Recently, a group designing new ligands for catalytic research requested deeper analysis on trace heavy metals in large-run methylester batches. Our switch to dedicated glass-lined vessels and installation of ICP-MS for trace element scans grew out of that conversation—a move that benefits every downstream user, no matter their specific project focus.
Policies on chemical stewardship often begin as checkboxes for compliance, but feedback from industrial end-users taught us practical adjustments yield immediate results. For pyridine-2-yl-acetic acid methylester, routine catalyst removal, solvent distillation recovery, and aqueous waste treatment align not just with regulations, but with common sense. Each team member, from the plant floor to the shipping dock, receives training that stems from actual process hiccups we encountered, not just classroom theory.

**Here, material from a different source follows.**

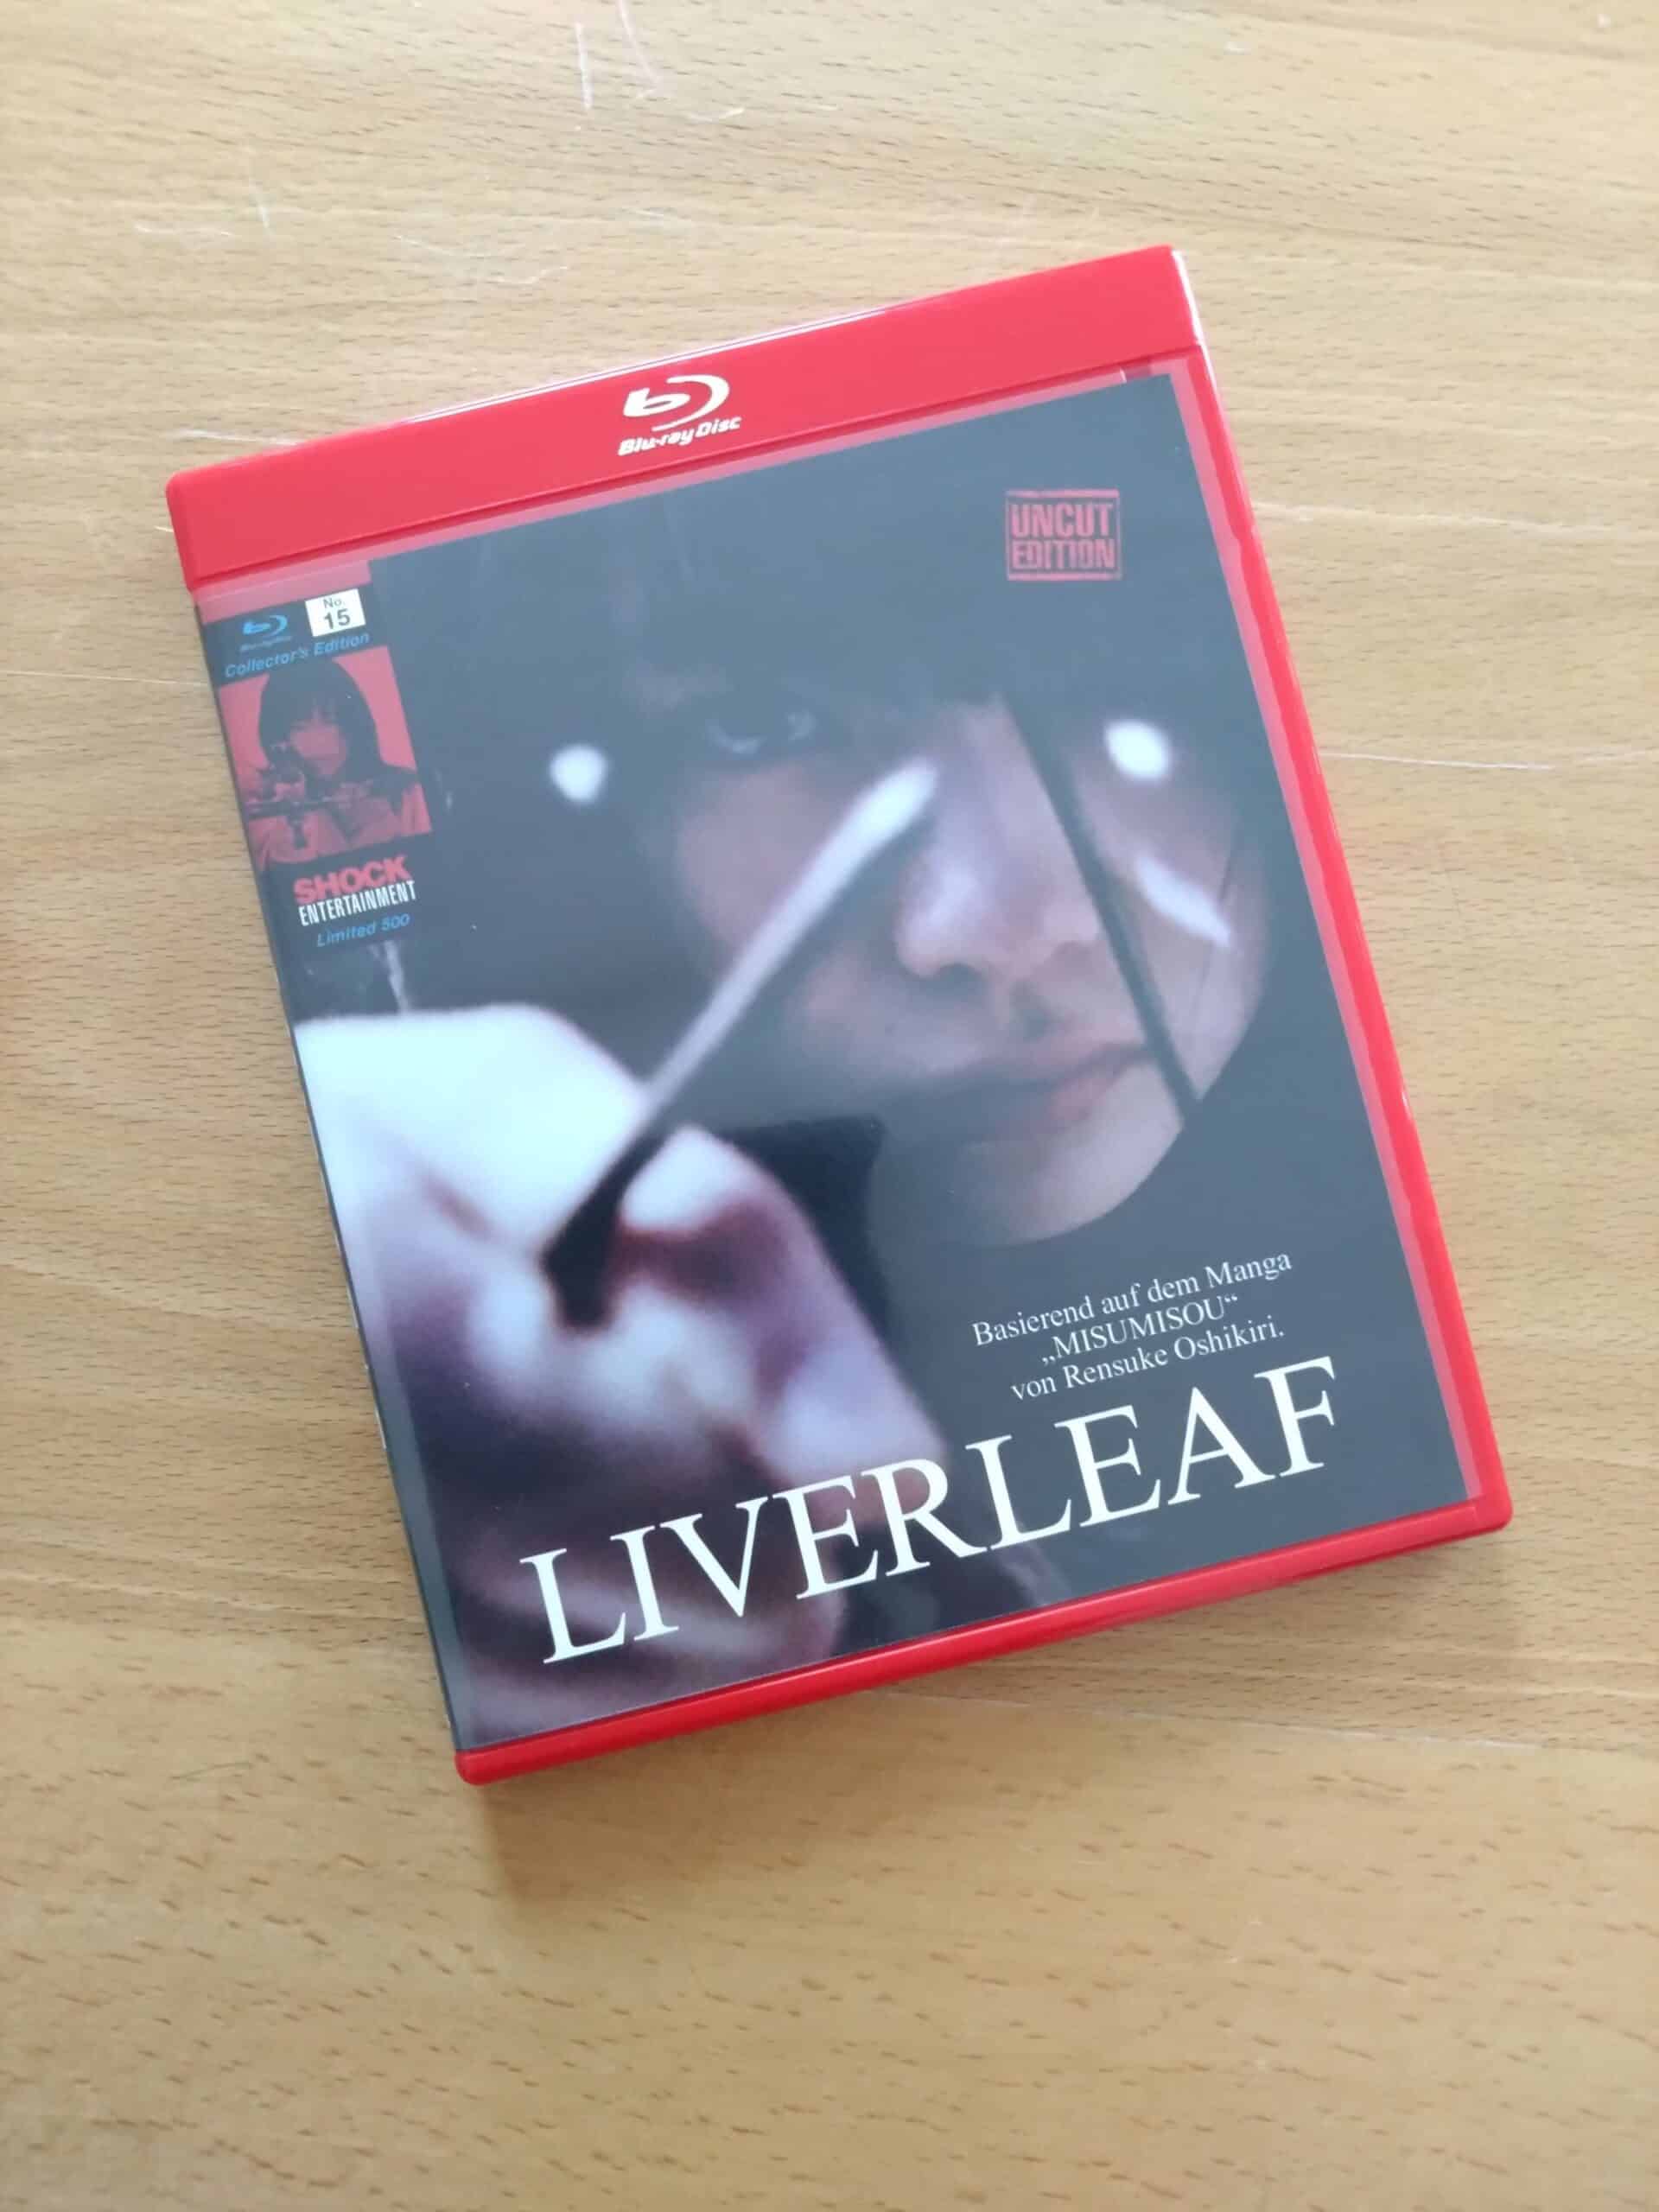 [Review] Liverleaf Blu-ray Amaray

Because finished pharmaceutical and agrochemical compounds often face tight regulatory oversight downstream, we adopted batch-specific traceability for all major raw materials feeding into methylester production. This level of transparency arms our customers with back-up documentation they may need for audits or certifications. Transparent records cut paperwork for everyone and reduce disruption when a regulatory agency comes knocking on their door.
Process waste minimization and energy efficiency, hot-button topics for every chemical manufacturer, receive practical attention. By reviewing reactor cycle times, adjusting solvent selection, and tweaking temperature profiles based on yield loss analysis, we deliver cost savings to both ourselves and downstream users. These changes aren’t headlines, but they make real-world impact visible by the end of each production year.
Each day at our facility, we see how pyridine-2-yl-acetic acid methylester works less as a static product and more as a catalyst for innovation across labs and manufacturing lines worldwide. Lessons from unexpected process upsets, customer inquiries, and joint development initiatives drive us to keep refining production and quality strategies. Delivering a compound with rigorously documented identity, high stability, and minimal extraneous contaminants shapes the smooth progress of research teams whose projects touch countless lives.
Our door always stays open for user feedback, process inquiries, and collaboration proposals. Through practical improvements and a steady exchange with front-line researchers, we continue to refine every batch—ensuring pyridine-2-yl-acetic acid methylester meets not just technical requirements, but the real demands of today’s scientific enterprise.